Before people started accepting news in free form as whatever was trending on social media, we were encouraging business and government to work together. We called it by various names such as business-government partnerships but the essential component was the need to understand that the ultimate beneficiary was supposed to be the Canadian public.
In the late 1980s, one of the more remarkable examples of this partnership was SkyDome in Toronto, where the Blue Jays came to play baseball. At a shared public-private cost of around $600 million, few people really understood the benefits to the people of Toronto, of Ontario or Canada.
For one, it put more lustre for Toronto on the world map. It generated billions in tourism. It drove a steady stream of rebuilding to that part of Canada’s largest city. It helped bring Toronto to life.
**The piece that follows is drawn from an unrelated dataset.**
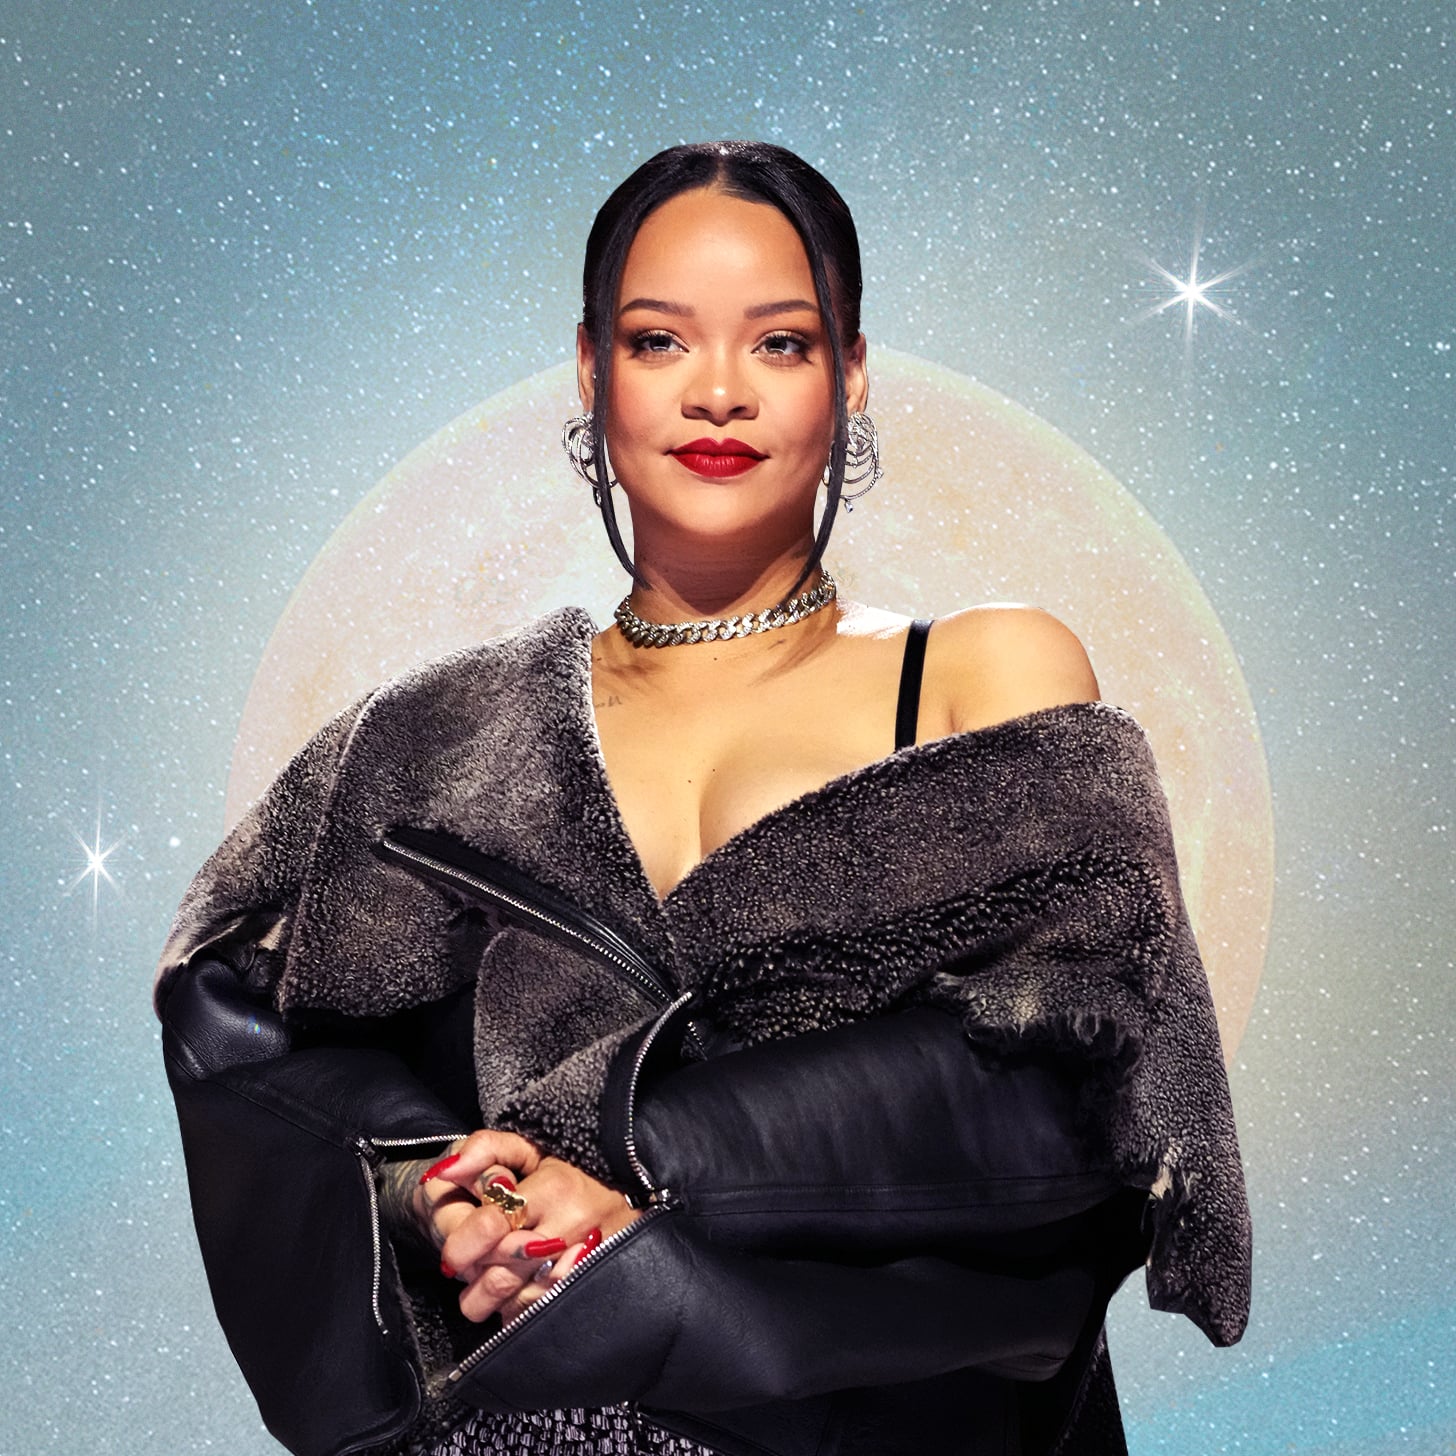 What We Can Learn From Rihanna's Birth Chart

At least it did until ignorant provincial politicians paid off the debt of about $400 million and sold the building to private interests, including Labatt Breweries, for $151 million. Which seemed like quite a bargain despite the continued financial problems of the time. Labatt’s solution was to sell SkyDome in 2004 to Rogers Communications for $25 million.
But the death knell of any landmark is when you try to give it a new and commercial name. It is still our SkyDome, to us old time baseball fans.
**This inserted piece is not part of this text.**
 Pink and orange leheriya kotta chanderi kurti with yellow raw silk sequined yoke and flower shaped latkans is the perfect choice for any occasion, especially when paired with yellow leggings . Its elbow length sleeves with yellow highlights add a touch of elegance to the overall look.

But would you believe that these people who got SkyDome for a song, are now talking about tearing it down. They think they can build another smaller baseball park, with natural grass, nearby.
This new park would be further ‘enhanced,’ according to the proponents with new condominiums and office towers to improve the revenues from the property.
Luckily, the land that SkyDome sits on is not part of the deal for which these schemers paid so little. The lands are leased from a federal government-owned company that specify the only use for these old railway lands is for a ball park and entertainment facility. We might be lucky if this agency says ‘No’ to this new plan.